The Lancastrian dynasty founded by Henry IV died out in 1471, when Henry VI was murdered on the orders of Edward IV – the grandson and heir of Richard of Conisborough, earl of Cambridge, and the great-nephew and heir of Edmund Mortimer, earl of March.
Conclusion
‘Take him all round and he was, I think, the greatest man that ever ruled England’: scholars have been mindful of McFarlane’s words ever since they were published in 1972.1 Christopher Allmand, referring to them in the early 1990s, suggested that the debate had some way yet to run, key points being the wisdom of making war against France, Henry’s persecution of the Lollards, and his morality in killing the prisoners at Agincourt – all of which left him open to criticism.2 However, he concluded his study of Henry V with the words, ‘a careful consideration of his whole achievement reveals much regarding Henry’s stature both as man and king. From it he emerges as a ruler whose already high reputation is not only maintained but enhanced’.3 Anne Curry writing in the year 2000 was of the opinion that, although academics might have tried to discredit this image of Henry as ‘the greatest man who ever ruled England’, none to date had managed it.

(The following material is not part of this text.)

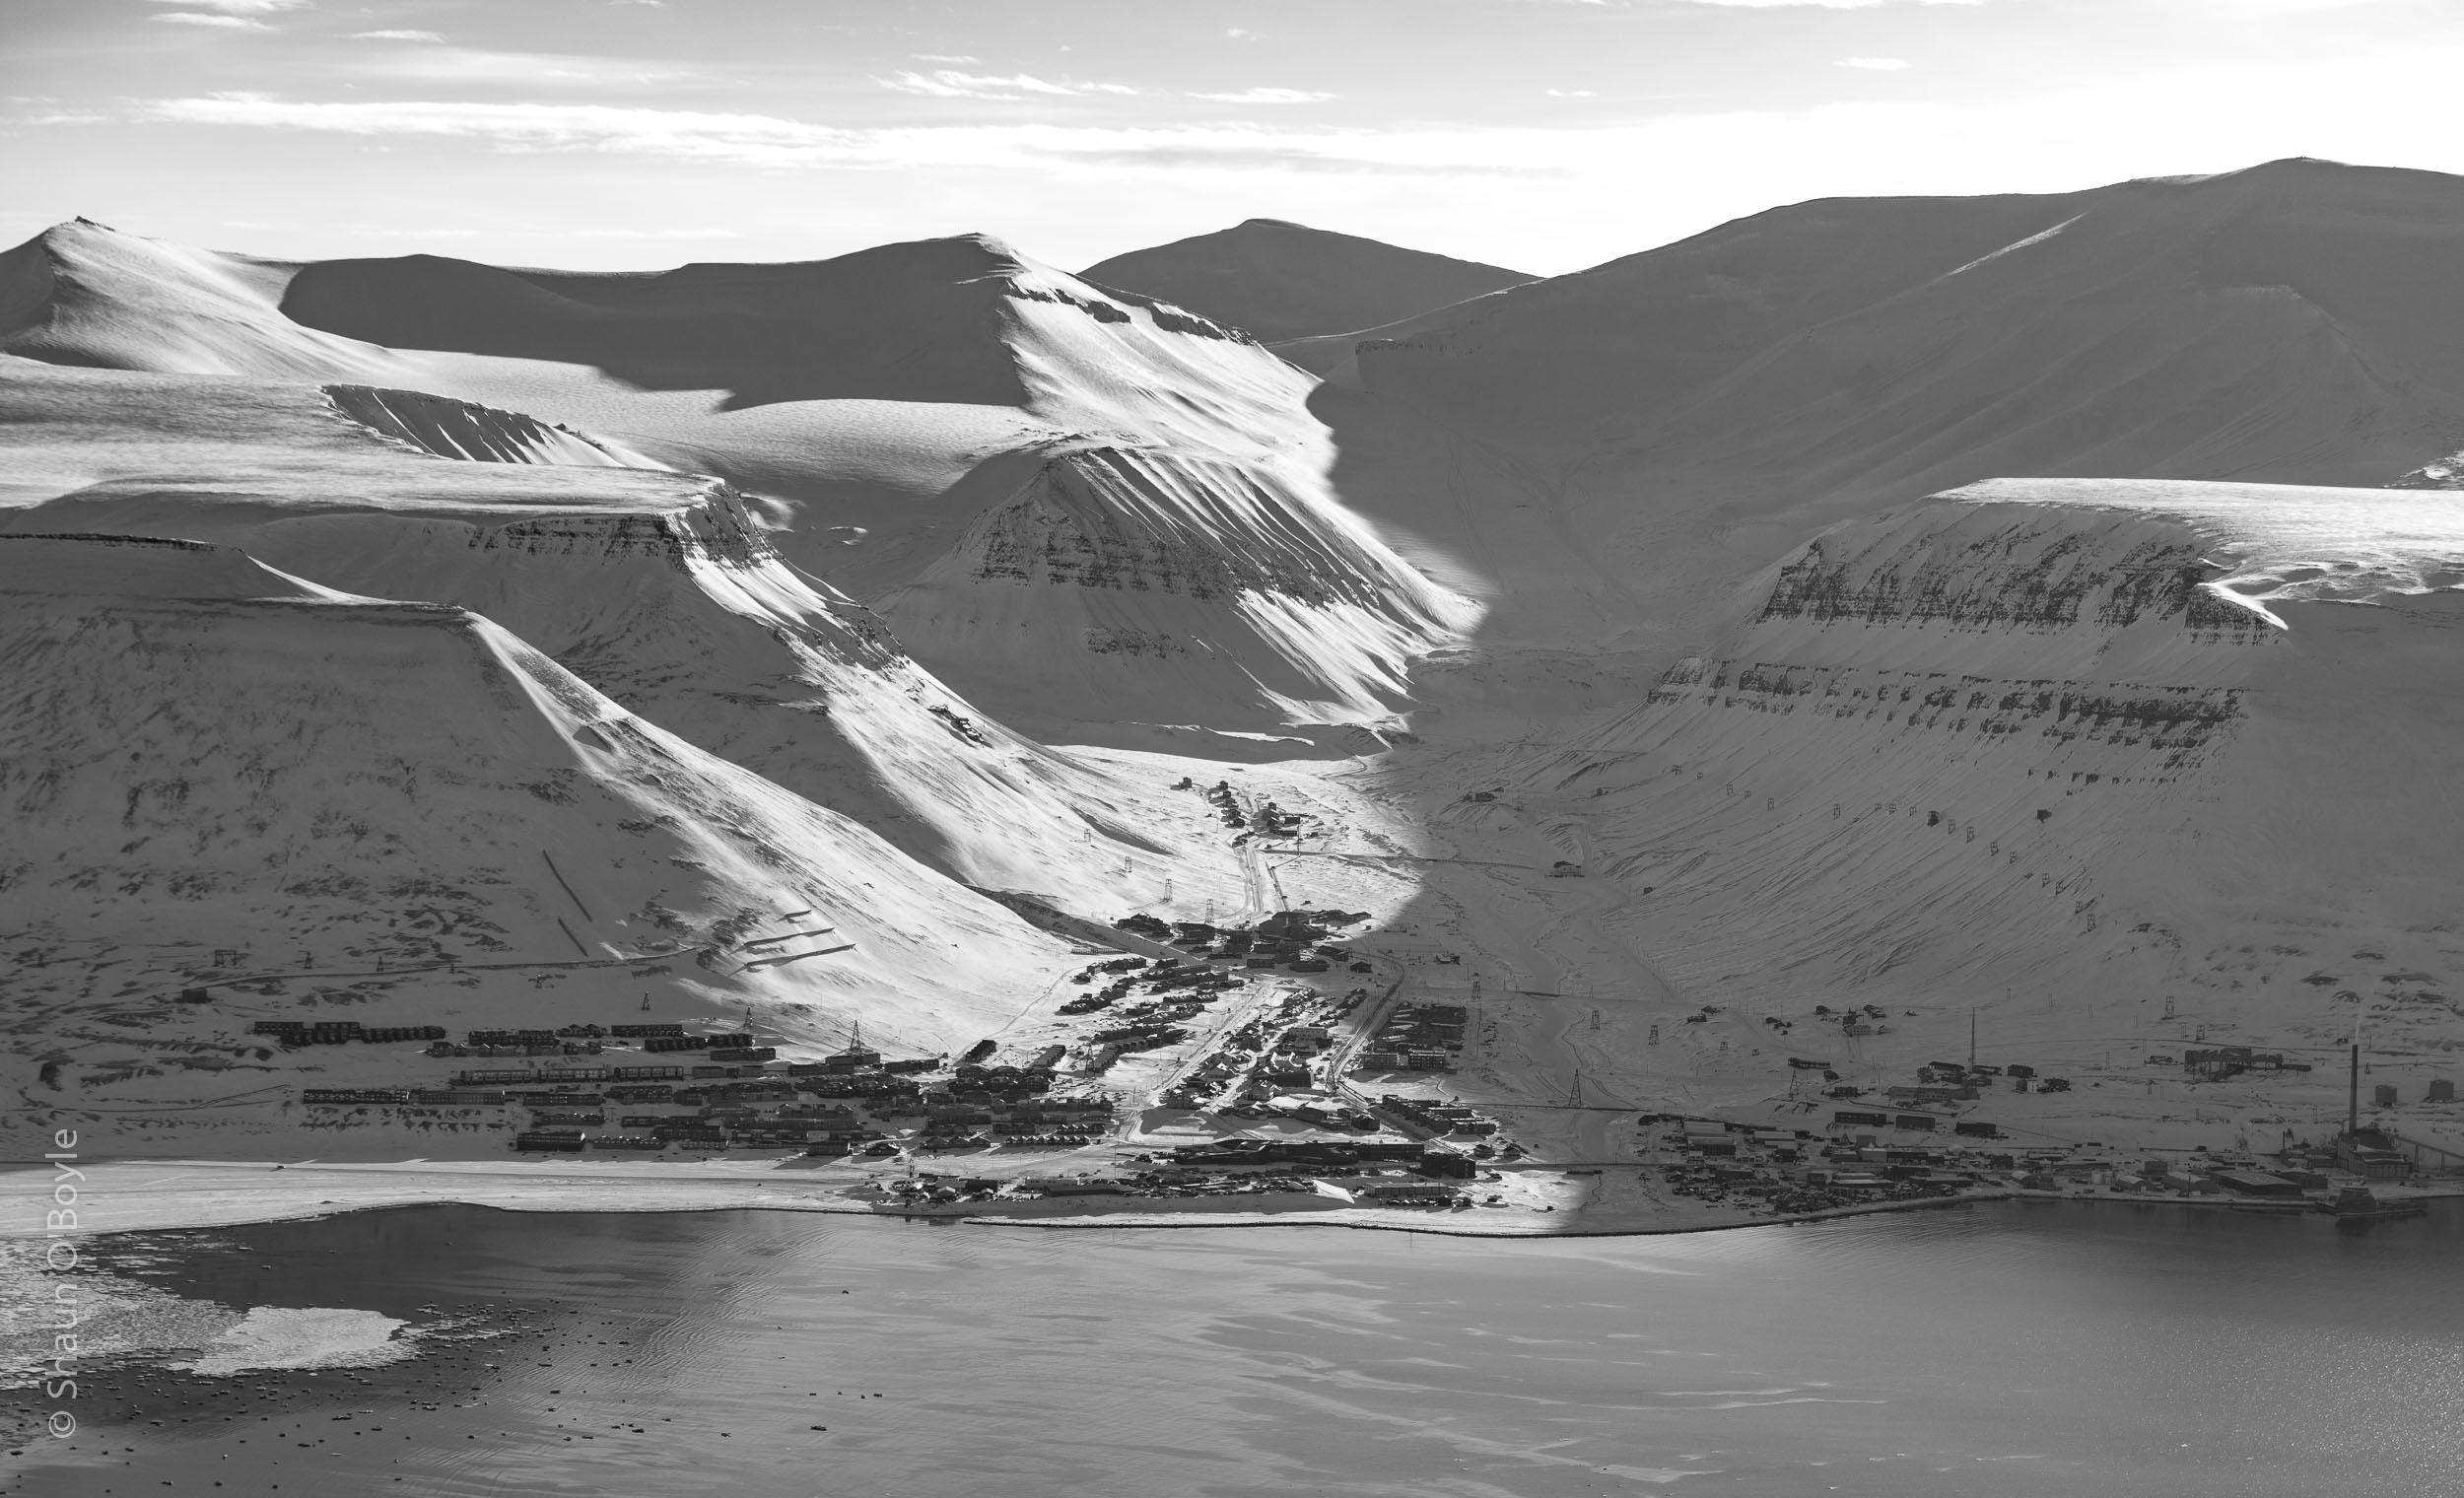 Longyearbyen, Svalbard's largest settlement, from Hiorthfjellet

‘For every bad thing one can say about Henry V, there are dozens of good things to say in his defence,’ she claimed. As she put it, Henry remains ‘the golden boy of fifteenth-century history’.4
I do not subscribe to this ‘golden boy’ view of Henry V. ‘Cold steel’ would be a better metaphor. While his organisational skills were extraordinary, and his determination to prove himself in war is awesome, his principal achievements were due as much to good luck as good judgment; and his perspective in pursuing his ambitions was prone to two fundamental weaknesses. The first of these weaknesses was the ill-defined objectives and time limits of his vision: he plunged England into a potentially endless and unnecessary war for the sake of demonstrating the legitimacy of his dynasty. The second weakness was his religiously inflated ego. He strikes me as a deeply flawed individual, undermined by his own pride and overwhelmed by his own authority. I find him less politically flexible and less tolerant than his father, Henry IV. I find him less cultured than Richard II; and I find him inferior to Edward III as an exponent of kingship in a number of respects – as a lawmaker, as a strategist and as a cultural leader. Only in matters of faith did he significantly outstrip his predecessors; but even this had its downside, especially for those whom he allowed to be burnt at the stake. I admire his determination, courage, organisational skills, tenacity, leadership ability and his sense of duty; but I find little else to admire and much to dislike.